Administrators with the Capacity Contributor role can see usage detail. Analysts without that role cannot. If you want team leads to monitor their own consumption, they’ll need explicit role access to the capacity settings area, not just Contributor access to the workspace.
Promptbooks: The Feature Most Admins Overlook
Promptbooks don’t get much coverage compared to agents, but they’re one of the more practical features in the bundle for teams that do repeated security workflows.
A promptbook is a saved sequence of prompts that Security Copilot runs in order. You can build one for a standard incident investigation workflow, a weekly compliance review, or a pre-change CA policy check. Once built, anyone with Contributor access can run it without needing to know the individual prompts.

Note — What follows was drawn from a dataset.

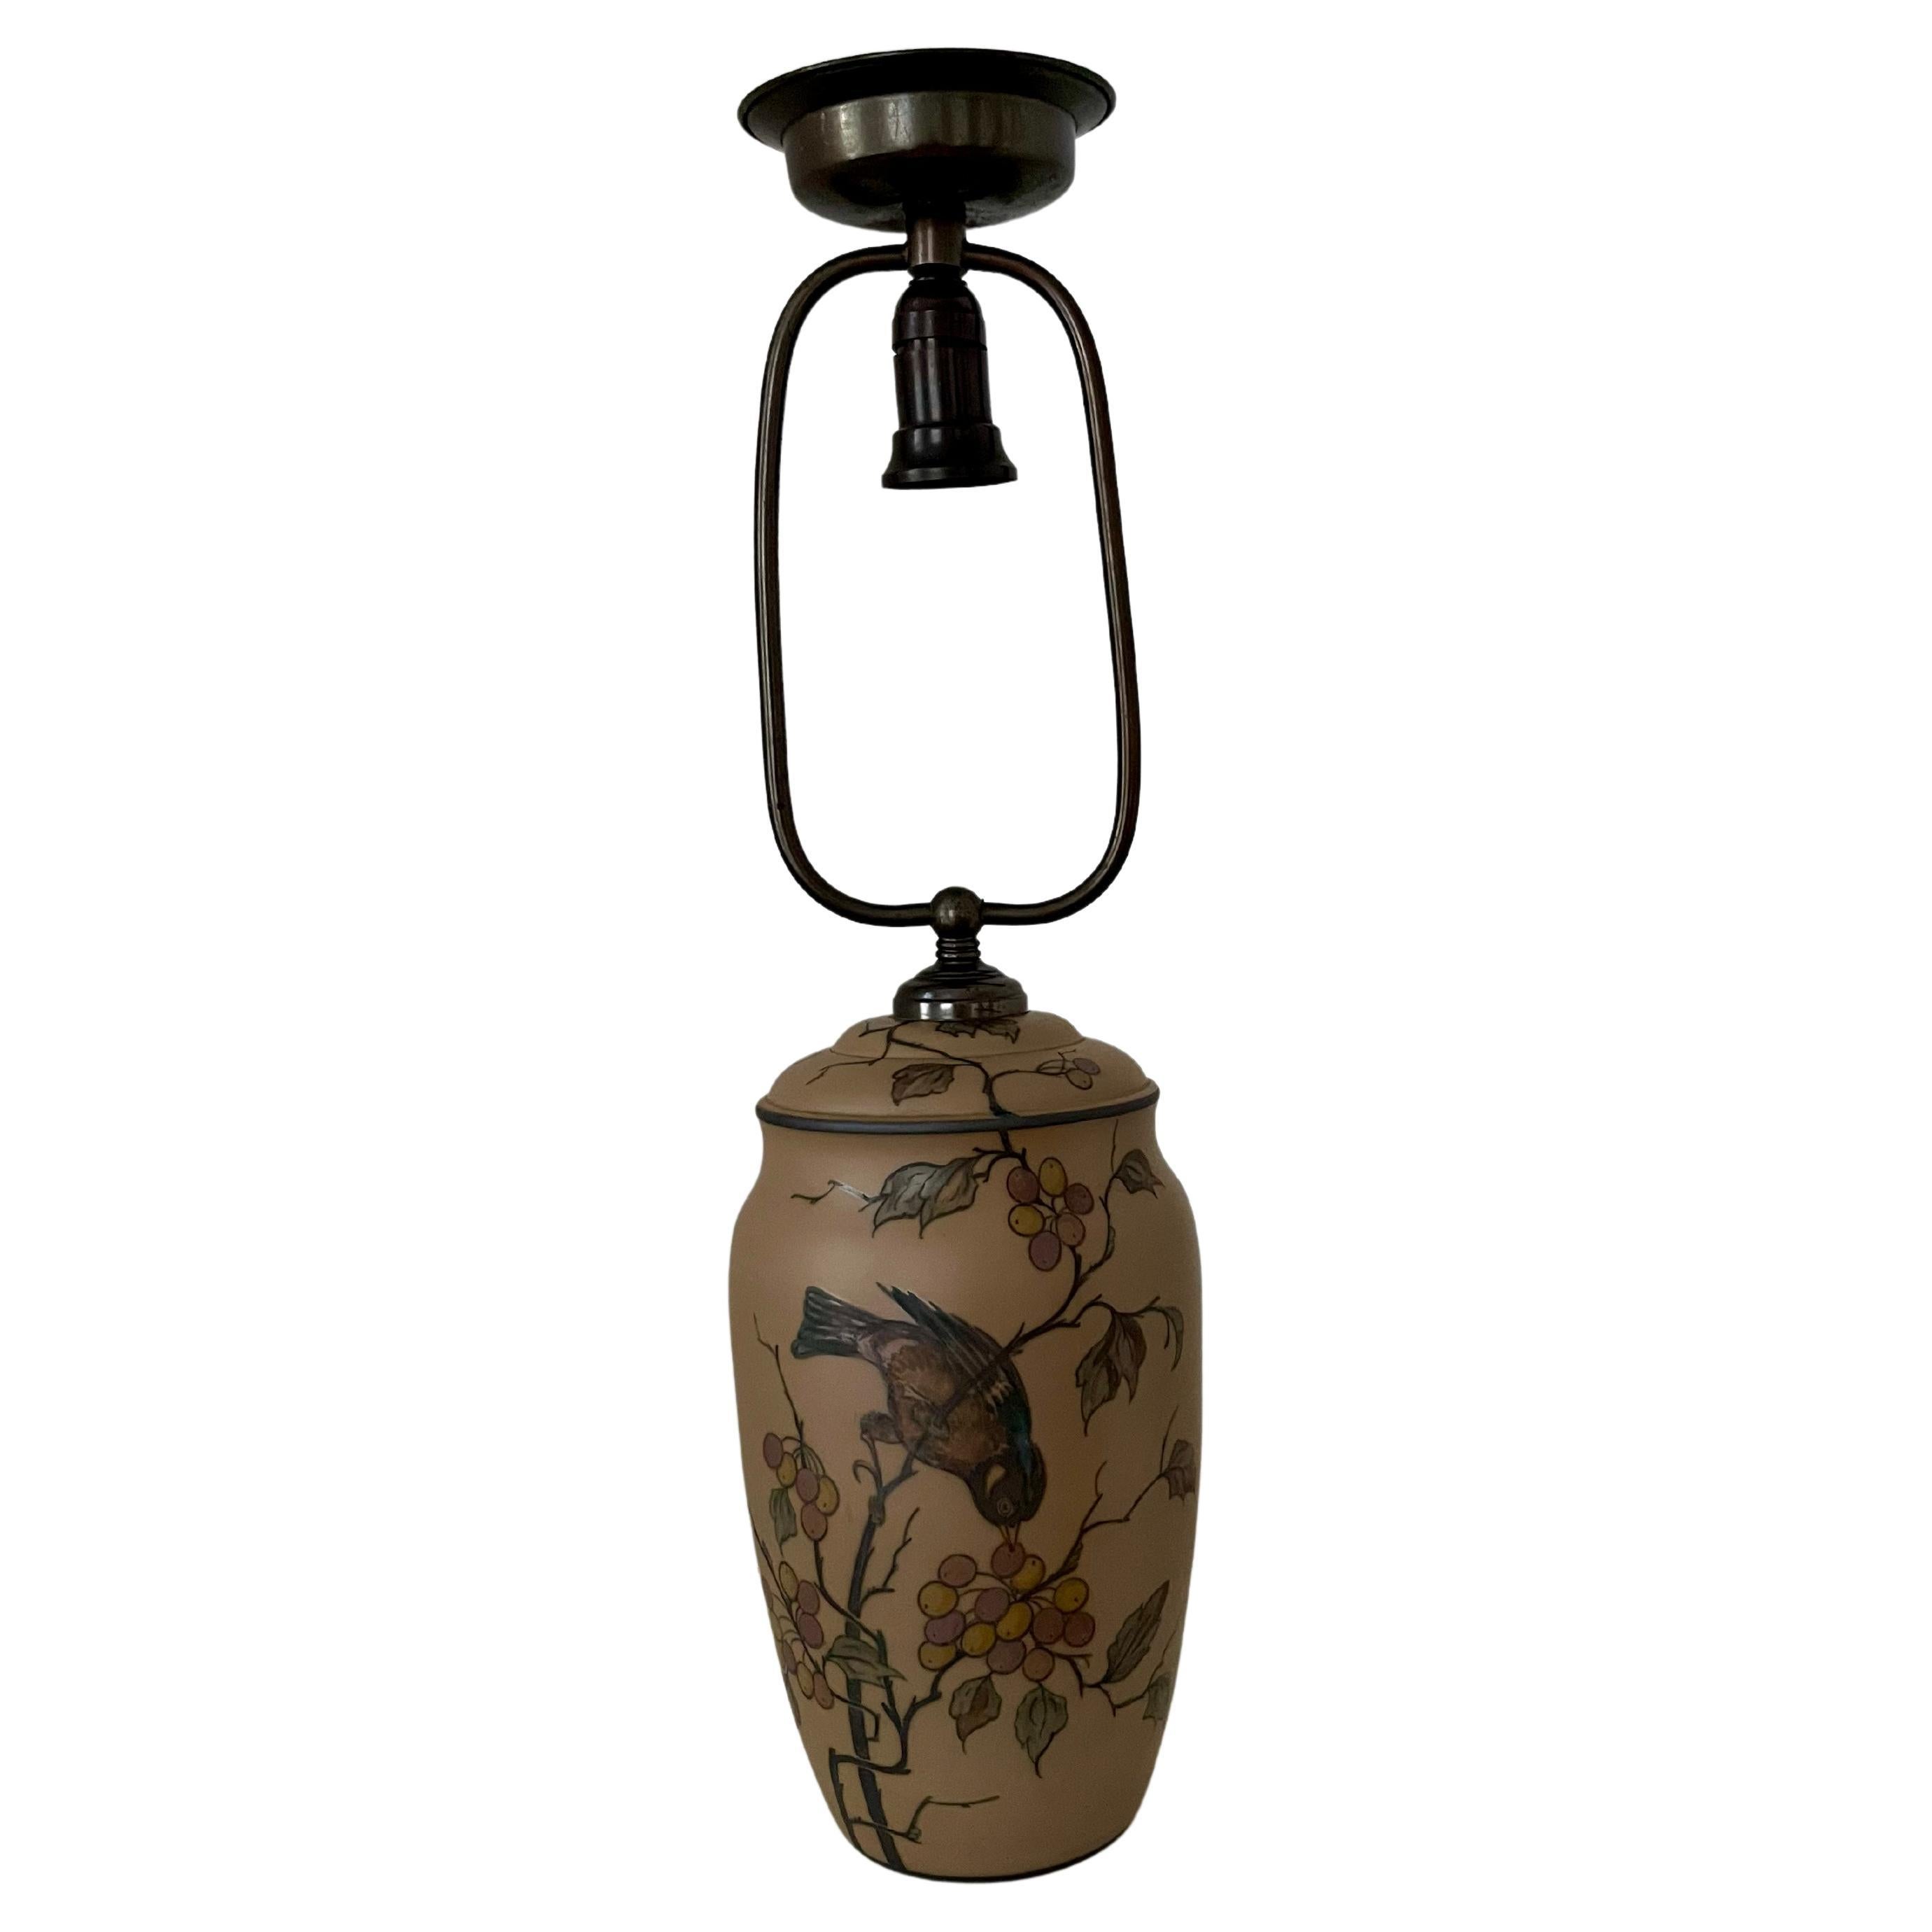 Lampe de table Art nouveau en céramique danoise, décorée à la main, fabriquée par l'usine de céramique I.L.A. sur l'île danoise de Bornholm, réputée pour ses ateliers de céramique exceptionnels. Cette lampe de table est décorée à la main d'un oiseau

For desktop engineering teams that are newer to Security Copilot, promptbooks lower the barrier significantly. Instead of training everyone on effective prompting, you build the prompts once in a way that reflects your org’s context, and analysts execute the workflow. The output quality is more consistent than ad-hoc prompting, and you can iterate on the promptbook as you learn what works.
Microsoft ships a set of default promptbooks covering incident summarization, threat intelligence lookup, and vulnerability prioritization. Start with those to understand the format, then build your own that reference your specific policies, naming conventions, and triage criteria.
The Bottom Line
This is a meaningful shift for E5 shops that had been sitting out Security Copilot because the standalone pricing didn’t make sense at their scale. A 5,000-user org is now getting 2,000 SCUs per month at no incremental cost. That’s enough to run real agent workflows without careful rationing.
Start with Phishing Triage in Defender, the Conditional Access Optimization agent in Entra, and the Intune-embedded experiences. Get a baseline on SCU consumption in the first month, then expand from there.
The pre-activation work is light: set up your access groups, confirm your data storage location, and switch off data sharing if your policy requires it. Thirty minutes of prep now avoids a scramble after your tenant goes live.